The cards serve as a way to declare whether a group reaches the 30-percent threshold needed to petition to the National Labor Relations Board. Colter said that "nearly 100 percent" of his teammates signed the cards. He declined to say whether individual players did or did not sign the cards.

"[The organization] goes and gets cards and I'm sure this is what the card says: 'I hereby authorize the blank association to represent me in bargaining with Northwestern University,'" Baum said.

Once an arbitrator most likely approved the card count, the College Athletes Players Association, with the support of the United Steelworkers, officially petitioned the NLRB to form a union.

While the group of Northwestern football players is the first collegiate sports team to take this step, they do have a reasonable model to study with recent cases of teaching assistants.

"There's case law for the NLRB involving teaching assistants which supports their position," Baum said. "There have been different decisions both ways. What they're saying is that this really is a form of litigation to bring about change because they're asking for something very similar."

In December 2013, the American Arbitration Association announced that graduate teaching and research assistants at New York University had officially unionized. The group is the only graduate assistants' union at a private university in the U.S.

Demonstrating the volatility of the NLRB, graduate assistants at NYU were granted the ability to negotiate a union contract and both improved health benefits and increased stipends in 2000. But in 2005 the ruling was switched following a case involving Brown graduate assistants in which the NLRB ruled that graduate assistants are students, not employees, and therefore cannot unionize.

The recent overturn of the 2005 ruling, though, is an encouraging sign for the newly formed CAPA.

Baum really couldn't say how long the NLRB may take to rule on the issue or on what side they may land, but he does anticipate that whichever side loses (Northwestern or the student-athletes) will appeal.

"Do I think that they have, forgetting about the legal issue, that realistically they have a strong position? Yes, but not in particular. Legally, that's open because the closest thing the labor board has come to is decisions on teaching assistants and those decisions have gone both ways," Baum said.

According to Baum, the process through which this case will go may be arduous.

The first place CAPA will go, is to the labor board, Baum said. The labor board is different from a court because the labor board, he said, is "an administrative agency created by the federal government."

"The litigated issue will be employer-employee," Baum said. "Let's assume that the [labor board] decides that it's not an employer-employee relationship. That's at the local level. In other words, there's an office of the national labor relations, it's the 13th region of the National Labor Relations Board. That's going to be the issue. [CAPA] has the right to appeal that issue."

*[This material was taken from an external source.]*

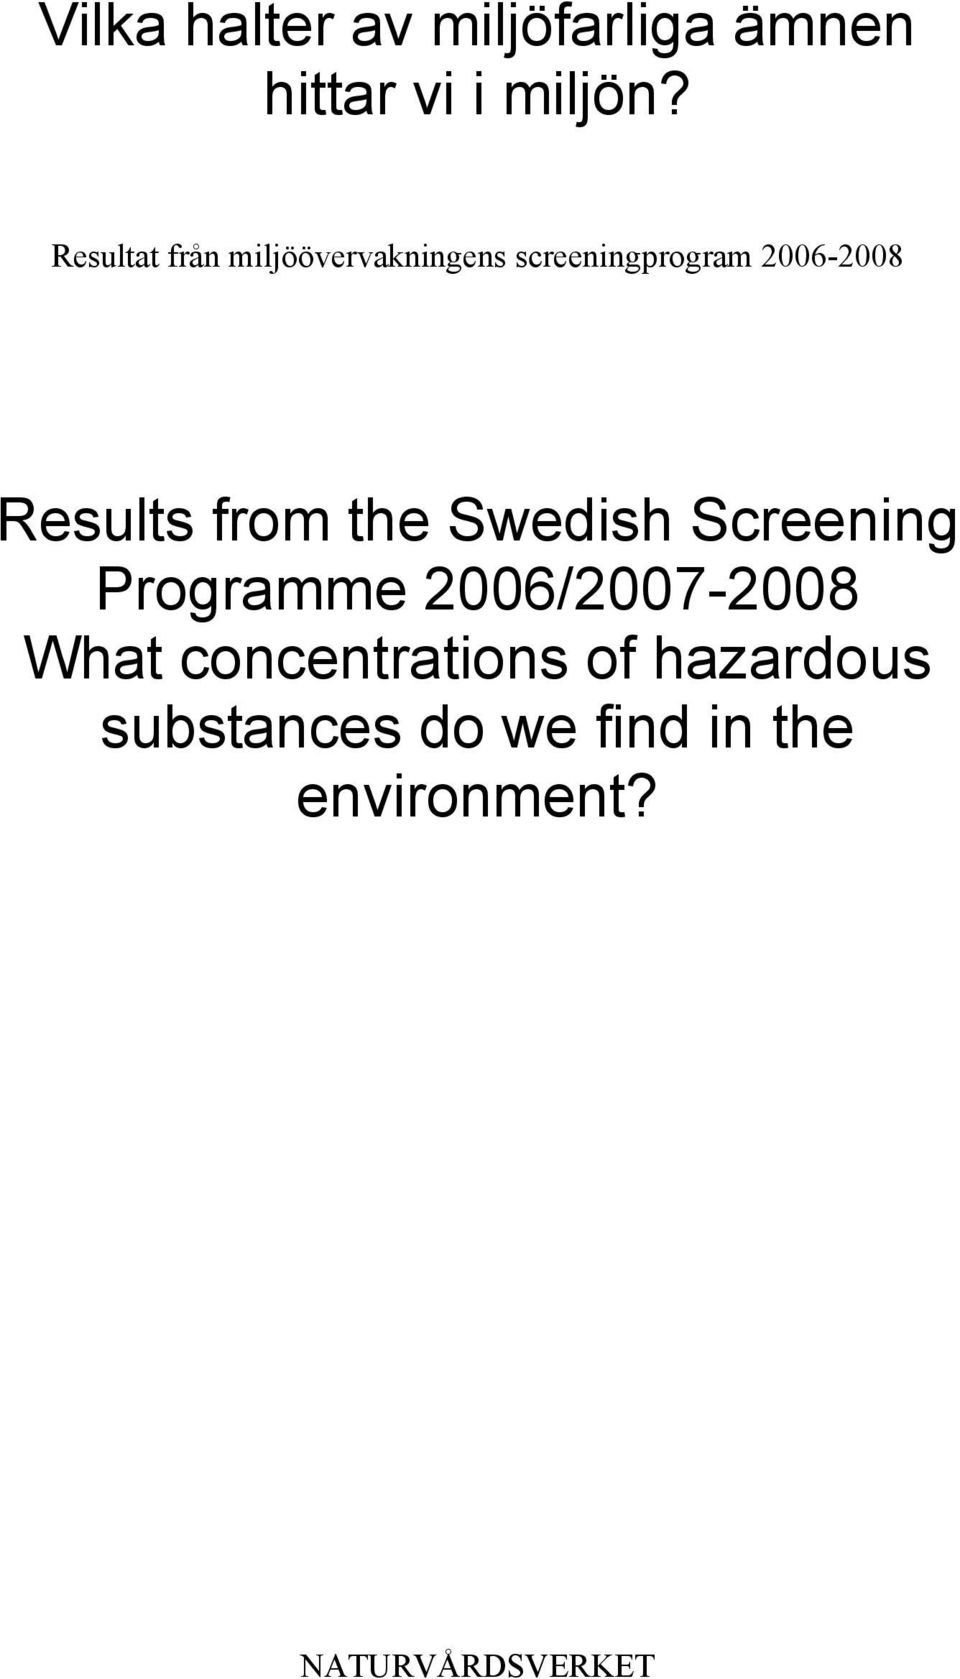 Results from the Swedish Screening Programme 2006/2007-2008 What
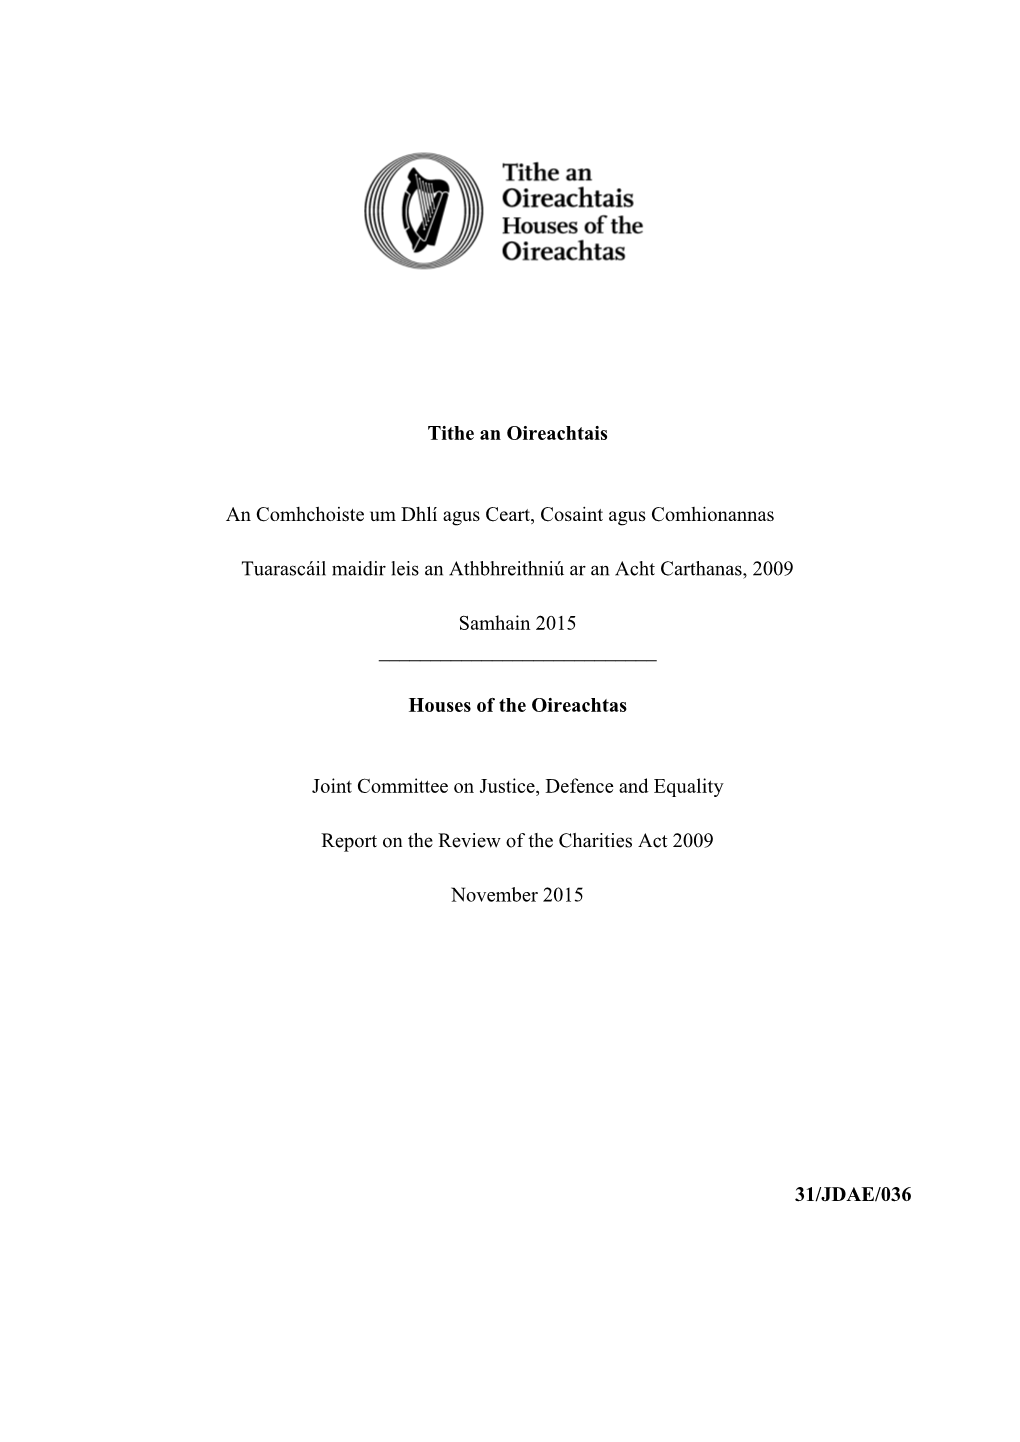 Report on the Review of the Charities Act 2009

"Then, whoever wins at the next level, has a right to go to the Courts of Appeals, which in this case would be the Seventh Circuit in Chicago. They have them review the decision of the administrative agency.

"So we're talking about something that's going to drag out. It's going to drag out over three stages. It's going to drag out over a period of time. It's not going to be resolved immediately."

It's important to note that Northwestern's football players won't be making the case that the NCAA is their employer, but that Northwestern University is, Baum said.

In Illinois, for example, there are separate labor boards for public employees, which make a case more complicated. Baum theorizes that the Northwestern football players believe that they have a better chance of beating Northwestern in litigation than the NCAA.

When looking at all the possible arguments, Baum is impressed by the student-athletes' actions at his alma mater.

"I think they're doing the right thing," Baum said. "I can't give you a 100-percent guarantee that they'll be successful, but I think there's no question they're doing the right thing because they're protecting themselves and their ability to get an education and probably have a successful career outside of football. That, to me, is the most important thing... They're trying to protect themselves together and that is what a union normally does."